My glasses are the last thing to go, I nearly dive in wearing them. That would have been bad. Instead I dive in, keenly aware that I am fully nude and half blind while in the midst of breaking and entering. It’s a fucking rush like you wouldn’t believe.
A tight splash lets me know that Jackie’s joined me in the water. Now I see a crucial flaw in my plan has been exposed. In the dim light, sans glasses I can’t even tell if she’s fully naked or not.
“Wow, this feels really weird. It’s like being more naked than naked,” she says jerkily treading water. “Have you taken a lot of girls here?”
“You’re the first,” I say. “And if it helps I can’t really see you anyway so you get all the rush without any of the ocular molestation.”
“So now what?”
That’s a damn good question. I wonder if she feels like doing me. No? Guess we’ll just swim around then.
“Have fun,” I say. I take the time to push off the wall and angle myself towards the bottom. Both hands are out and stiff to prevent the ridiculously poor visibility from bashing my head into concrete. I sink down, touch, and push off to breach. Jackie seems to be struggling with something.
“Ok over there?” I ask.
“No,” she says floundering and making what sounds like a tremendous racket. “Come over and help me.”
You got it.
“What can I do?” I ask. Even point blank she’s just dark skin. The rippling refraction turns the underwater parts of her into an erratic mosaic of half-seen skin.
“I want to be weightless but I can’t get myself to float. How do I do that?”
“Just lie on your back, take a deep breath in and spread out.” I demonstrate, keenly aware that my junk is thrust upwards into full view. She probably can’t see and the water’s warm enough that I don’t care.
Jackie makes a few attempts but just doesn’t have the buoyancy (ie fat) that I do. She appears a little distressed by this. In an admirably selfless gesture I decide to help her out.
“Stretch out and lie on your back,” I tell her. “I’ll hold you up by your lower back so you can float.”
“Just be careful where you decide my lower back is,” she warns me sternly. Even in the blue soup I can see that she’s smiling. I take her by the waist and pull her backwards until she’s gliding over the water. With some aquatic grace I slide my right hand under her rib cage and use my left to hold her legs behind the knees.
“Comfy?” I ask. She shushes me.
“Just let me be free for a minute,” she chides me. I hold her in silence, taking in the warmth of her skin and the ambience of the place. The whole complex is a blackened tangle of wet blue silk. Jackie wanted to be weightless and she feels that way to me. I barely need functioning arms to keep her floating peacefully. Her eyes are closed and a serene smile covers her face.
Ok I also took the opportunity to check out her naked body but it was literally right under my nose. How could I resist? Better yet why would I want to?
“Thank you,” she says eventually. “You can let me go now.”
I don’t think I could if I tried.
Instead of letting her go I shift my stance bringing my right arm around to her shoulder and my pulling my left up.

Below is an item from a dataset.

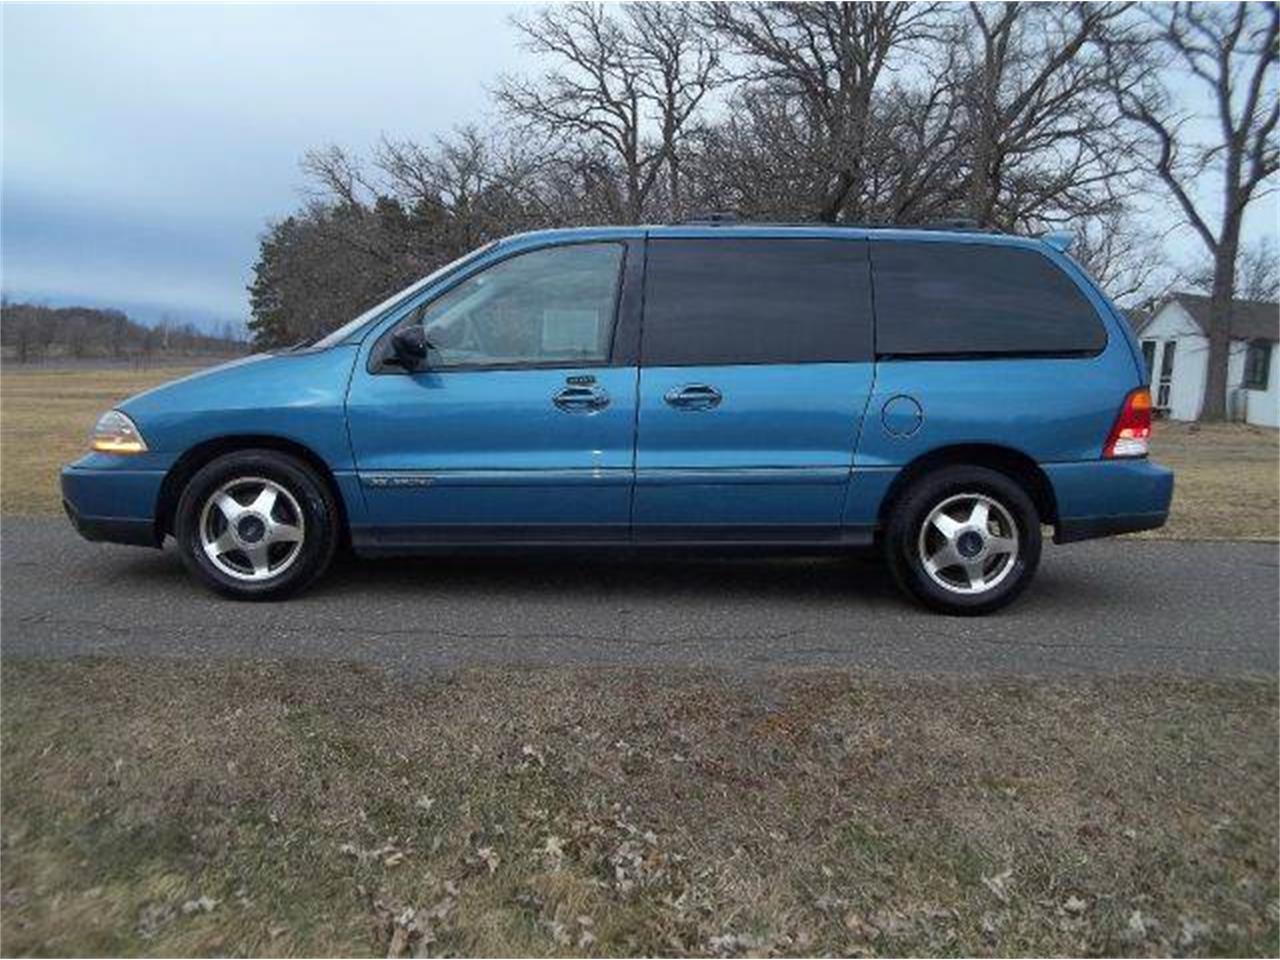 2001 Ford Windstar for Sale | ClassicCars.com | CC-657626

If that’s hard to imagine just think ‘groom carrying bride over the threshold’ only we were naked and supersaturated.
“Can I tell you a secret?” I ask, stalling for time and noticing she hasn’t moved or protested.
“As long as that secrete doesn’t relate to you and me and whether we are ever going to go out that’s fine,” she says. And now for the ultimate mixed message she puts her arm around my neck and begins to stroke behind my ear.

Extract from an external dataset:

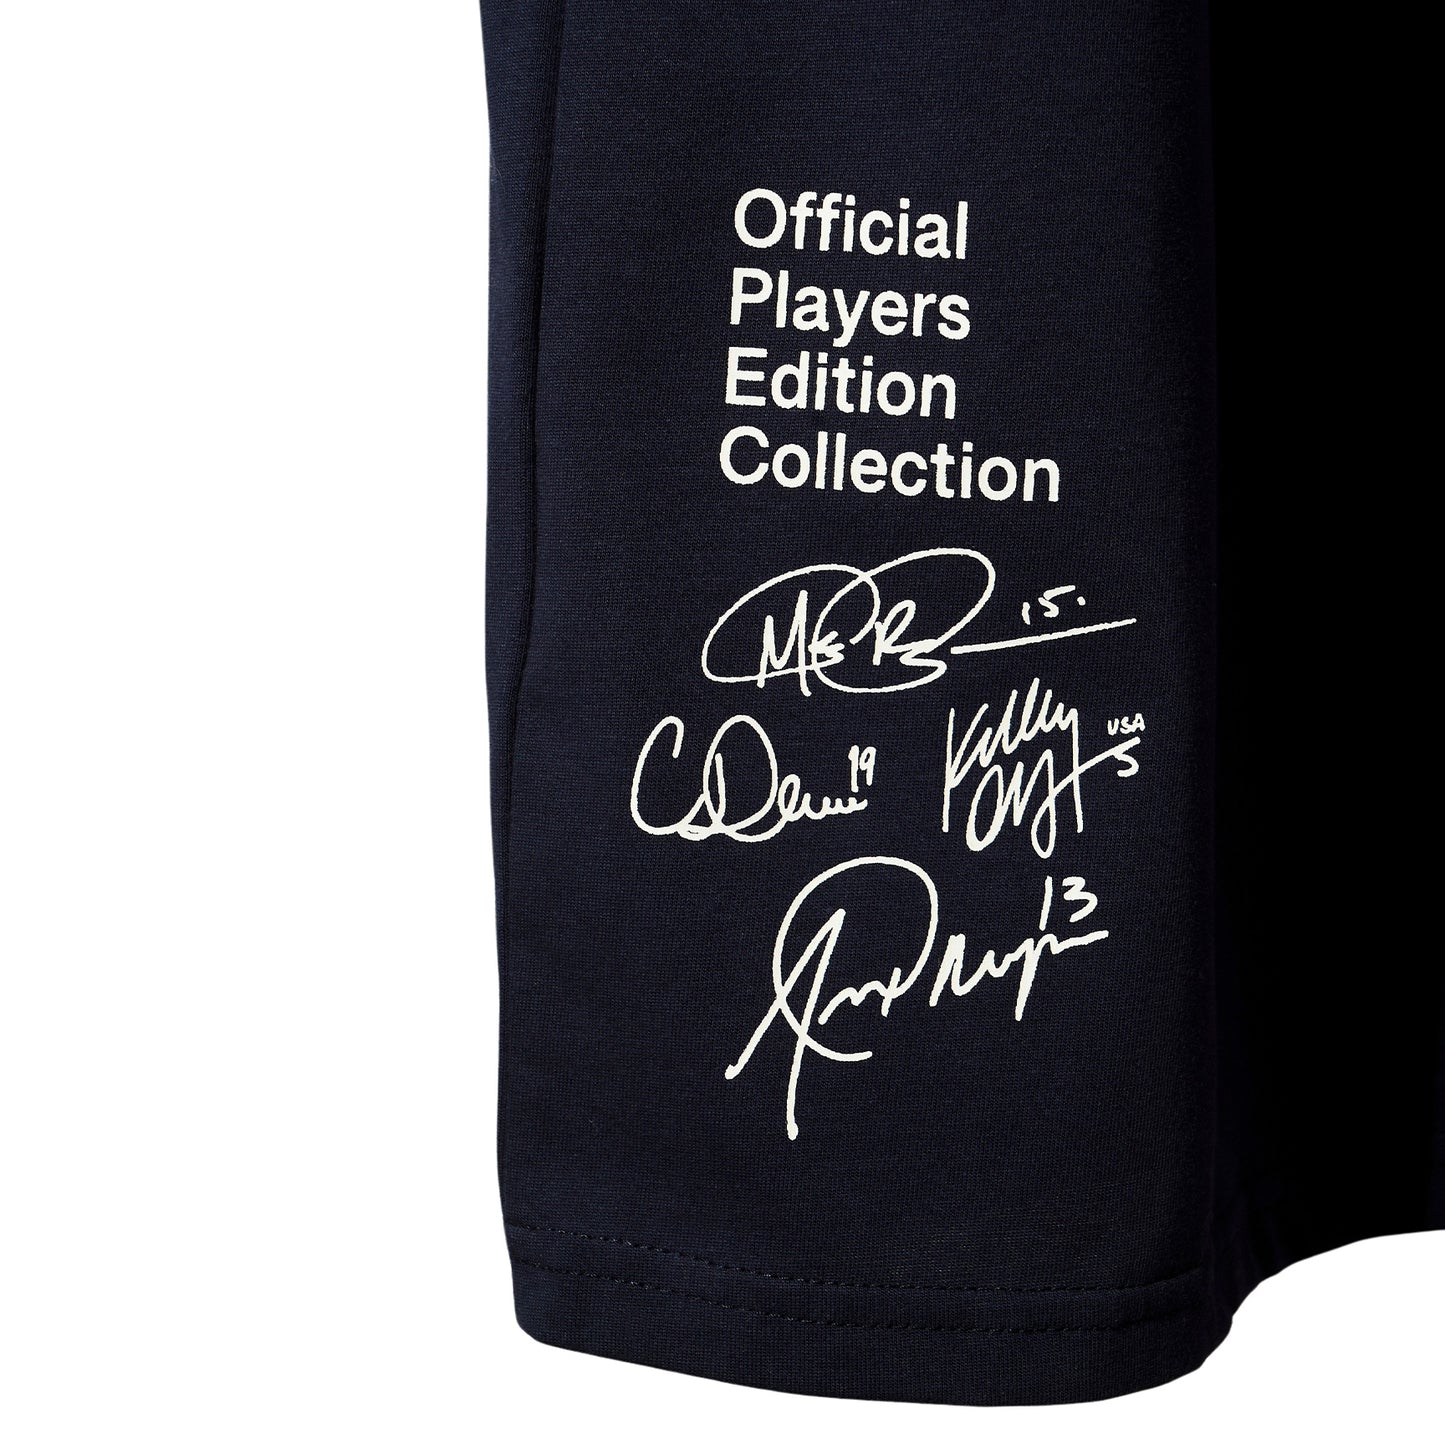 Official USWNT Players Association Tee

“It’s not that,” I lie. I would tell her that I’m descended from Julius Fucking Caesar’s retarded nephew if that kept her in my arms. “I just like that this particular night I asked if you wanted to do something. You could have done a million other things but you didn’t. Instead of doing homework or crashing early or going out drinking you chose to come hang out naked with a geek from your psychology class.”
“Well I already knew that,” Jackie said softly. She moved her hand to smooth out my disheveled eyebrows. “Doesn’t really qualify as a secret.”
“It does,” I tell her. “And it’s the best kind of secret because no matter what happens you and I are here now, and we don’t have to share with anyone else if we don’t want to. I kind of like the idea that someday 20 years from now you might think back to college and the time you went skinny dipping with the single greatest author of the 21st century.” We chuckle, it’s an old running joke.
“You know that’s why we can’t be together,” she said. “You’re just too modest and withdrawn, not enough ego for my taste.” Just then part of me brushed against the outer curve of Jackie’s buttocks. You can guess which part. “Was that?”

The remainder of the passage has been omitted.